Os argumentos usados por defensores da liberação dos dispositivos eletrônicos de fumar (DEF) são conhecidos – e cada vez mais questionados. Integrantes do grupo favorável à liberação sustentam que a proibição, por si só, não inibe o consumo do produto. Dizem ainda que a venda ilegal poderia expor consumidores ao uso de produtos de qualidade duvidosa e que cigarros eletrônicos podem ajudar pessoas a pararem de fumar cigarros tradicionais. Por fim, asseguram que se o cigarro eletrônico fosse liberado, os recursos hoje destinados ao comércio ilegal poderiam ser destinados para arrecadação de impostos. O Brasil, portanto, ganharia.
Se tal mudança fosse feita, o Brasil se juntaria a um grupo de 55 países que hoje permitem a venda de cigarros eletrônicos.
Um olhar mais aprofundado nos estudos reunidos durante a discussão há duas semanas na Anvisa, contudo, mostra que a descrição feita por defensores do comércio de cigarros eletrônicos vai em direção oposta às conclusões das pesquisas e, ainda, do que vem ocorrendo na prática em outros países.

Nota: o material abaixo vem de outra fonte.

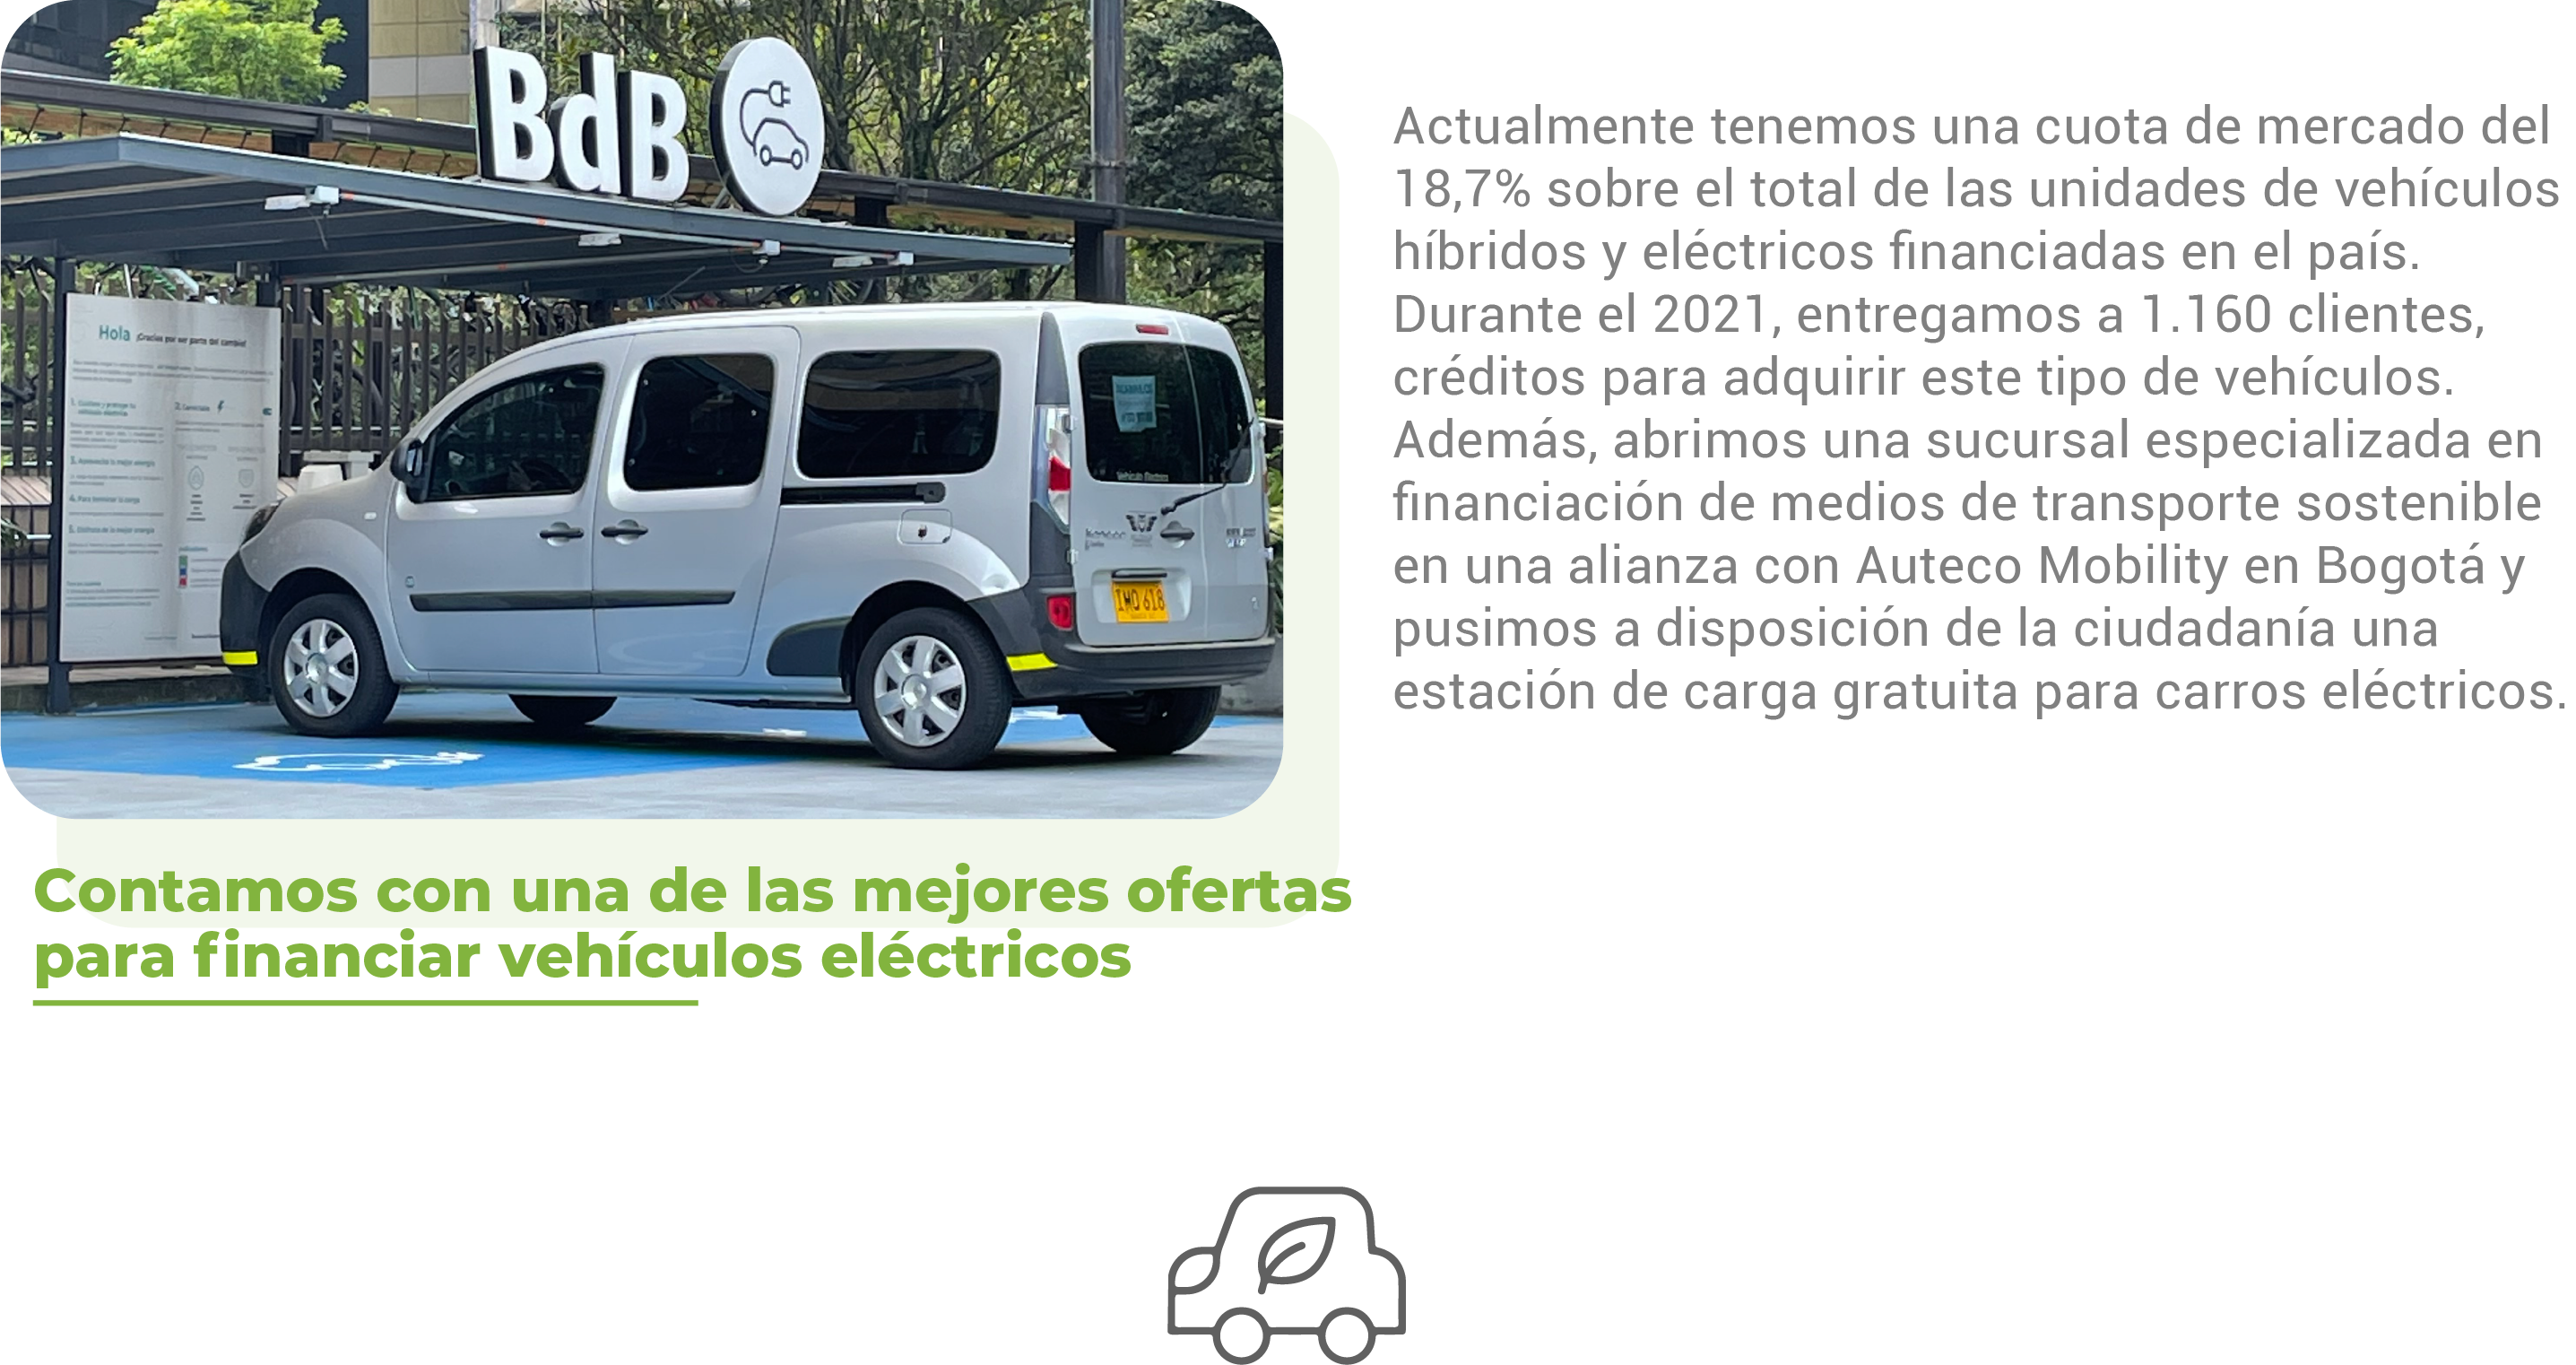 Actualmente tenemos una cuota de mercado del 18,7% sobre el total de las unidades de vehículos híbridos y eléctricos financiadas en el país. Durante el 2021, entregamos a 1.160 clientes, créditos para adquirir este tipo de vehículos. Además, abrimos una sucursal especializada en financiación de medios de transporte sostenible en una alianza con Auteco Mobility en Bogotá y pusimos a disposición de la ciudadanía una estación de carga gratuita para carros eléctricos.

Relator do tema, o presidente da Anvisa, Antonio Barra Torres, apresentou em seu voto alguns dados que mostram o quanto seria preocupante a liberação. Eis um trecho do voto do diretor sobre o impacto dos dispositivos eletrônicos de fumar entre jovens na Irlanda, país onde o comércio é permitido:
“A prevalência de uso de cigarros eletrônicos na Irlanda aumentou em adolescentes de 16 anos, como mostra estudo que analisa pesquisas realizadas em 2015 e 2019. Além do aumento da prevalência de uso corrente de 10% para 18%, os pesquisadores indicam que 2/3 dos usuários nunca tinham fumado cigarro convencional quando usaram o primeiro cigarro eletrônico e que o mesmo percentual iniciou o uso por curiosidade. Apenas 3% iniciaram o uso de cigarro eletrônico com a intenção de parar de fumar cigarros convencionais”.

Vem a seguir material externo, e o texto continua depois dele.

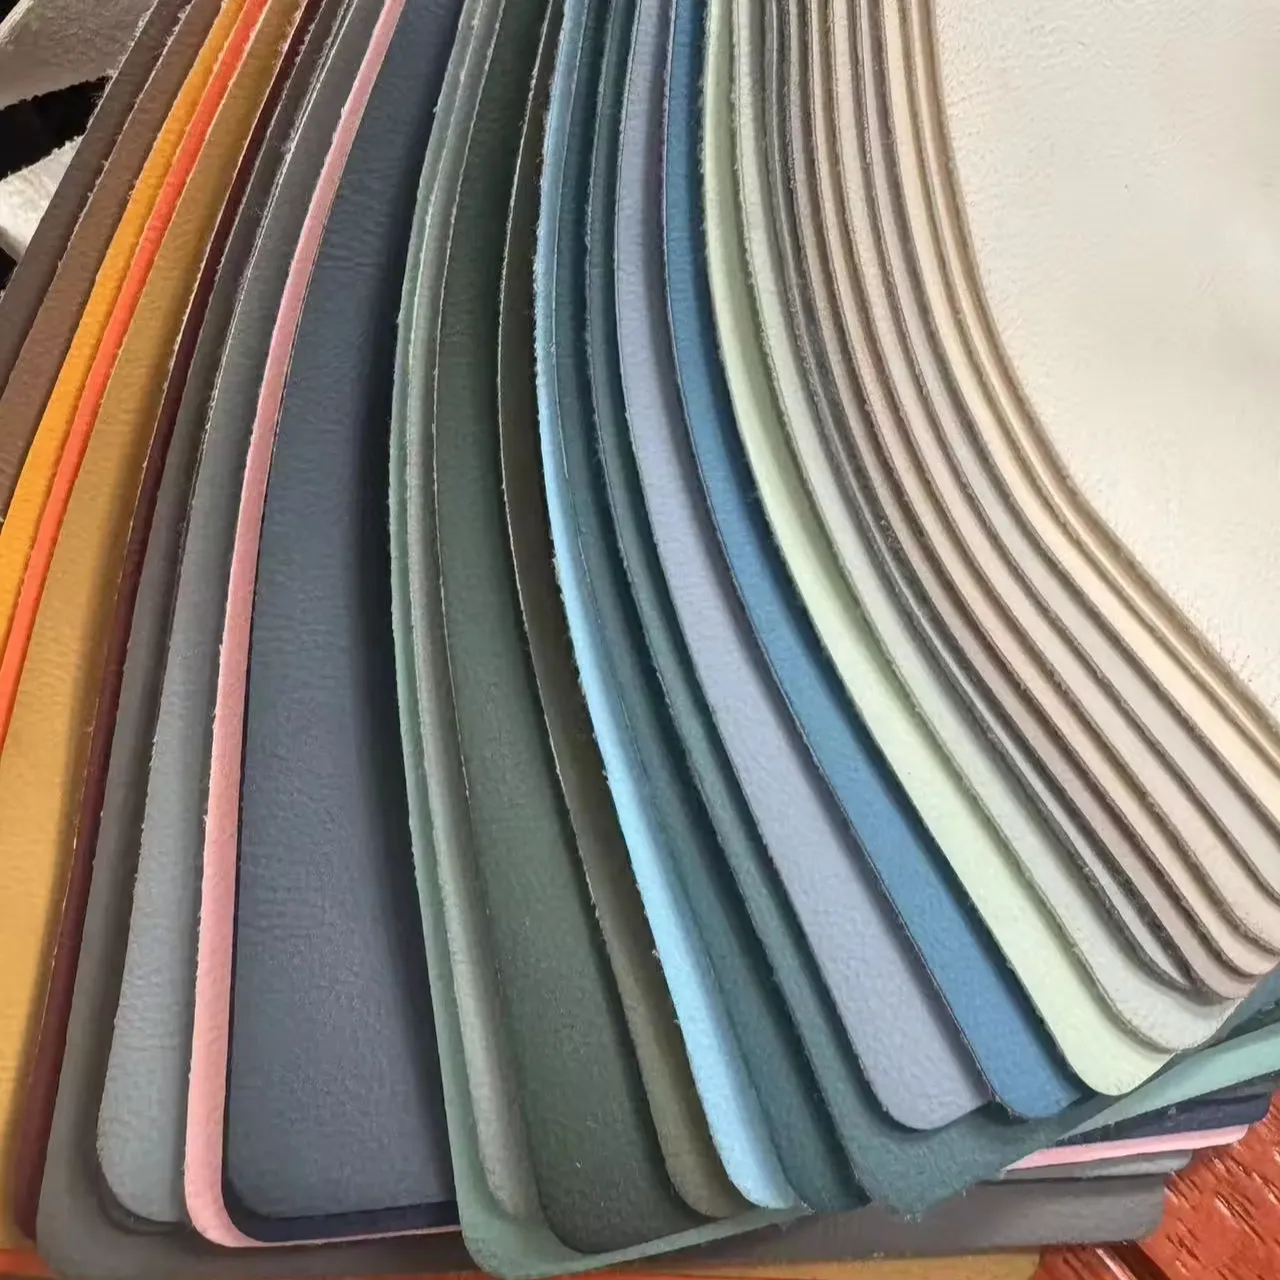 سلسلة MLBD من القماش المخملي بقاعدة مخملية من الخوخ والجلد من البلاستيك بسمك 0.9 ملم متوفر بمخزون من 33 لونًا من اختيارك

No voto, o relator observa ainda que em revisões sistemáticas realizadas pelo governo irlandês constatou-se haver “uma chance de 3,7 a 4,06 vezes de adolescentes de 13 a 19 anos iniciarem o uso de cigarro convencional, quando utilizam cigarro eletrônico na linha de base”.
Barra Torres traz também relatos de experiências de outros países. E, por fim, resume: “Diante do cenário internacional apontado, percebe-se que a prevalência de uso de DEF em países que permitem a sua comercialização tem aumentado e se tornado fator de grande preocupação, principalmente com relação ao uso pelos mais jovens. Verifica-se também que países que permitem a comercialização de DEF precisam lidar com o comércio ilícito destes produtos e com o acesso indevido por adolescentes, apesar da existência de regulamentações que proíbam tal acesso. Independentemente da estratégia regulatória adotada para permitir a comercialização, estas não se mostram efetivas para conter o uso indiscriminado e o acesso, principalmente pelos mais jovens”.

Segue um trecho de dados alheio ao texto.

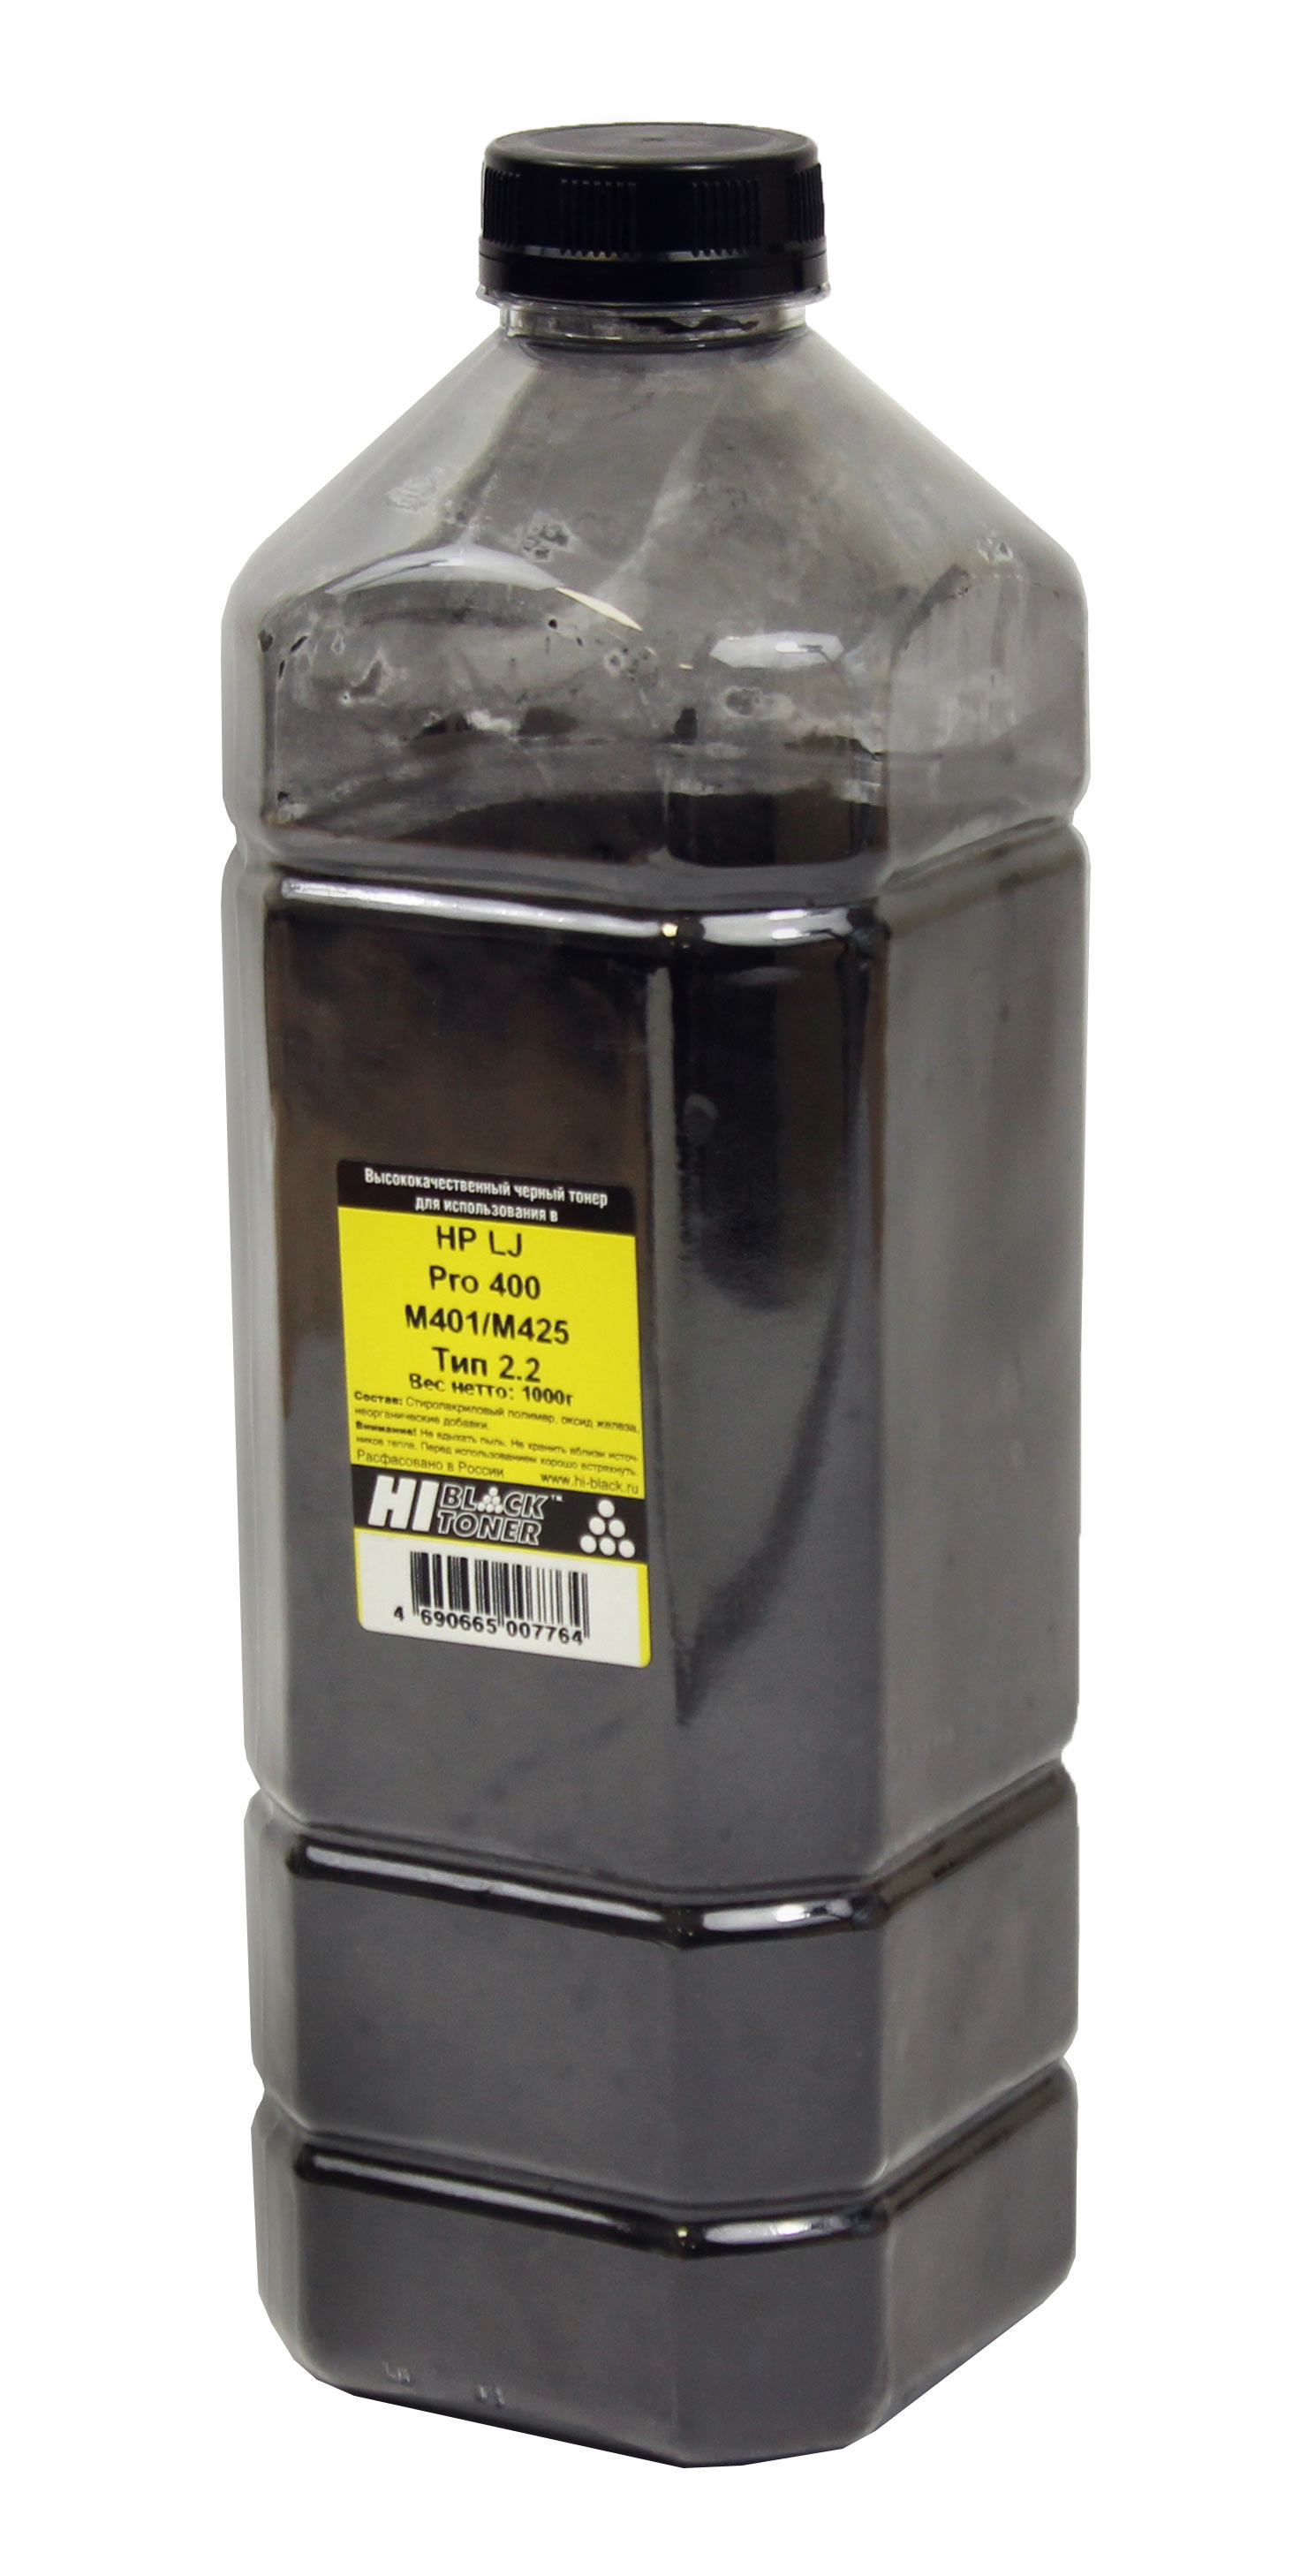 Тонер Hi-Black для HP LJ Pro 400 M401/M425, Тип 2.2, Bk, 1 кг, канистра

A diretora Meiruze Freitas também traz exemplos do impacto dos produtos na Austrália, na França e ainda para o meio ambiente. O argumento de que a permissão do comércio poderia reduzir o contrabando também é abordado pela diretora.
Em seu voto, ela destaca a resposta enviada pelo Ministério da Justiça à Anvisa. E ressalta: “A Polícia Rodoviária Federal sustenta que não há razão para crer que, uma vez permitida a comercialização de DEFs no Brasil, haveria diminuição do contrabando. Pelo contrário, entendem que, assim como ocorre com outros produtos já proibidos no país, anteveem uma tendência de aumento drástico no contrabando caso venha a haver opção pela regulamentação da liberação dos DEF, num ciclo vicioso de aumento de consumo, com aumento de contrabando, prejudicando sobremaneira o sistema de saúde”.
O diretor Romison Mota, por sua vez, chama a atenção para importância de intensificar a fiscalização do comércio ilegal e ampliar campanhas de conscientização.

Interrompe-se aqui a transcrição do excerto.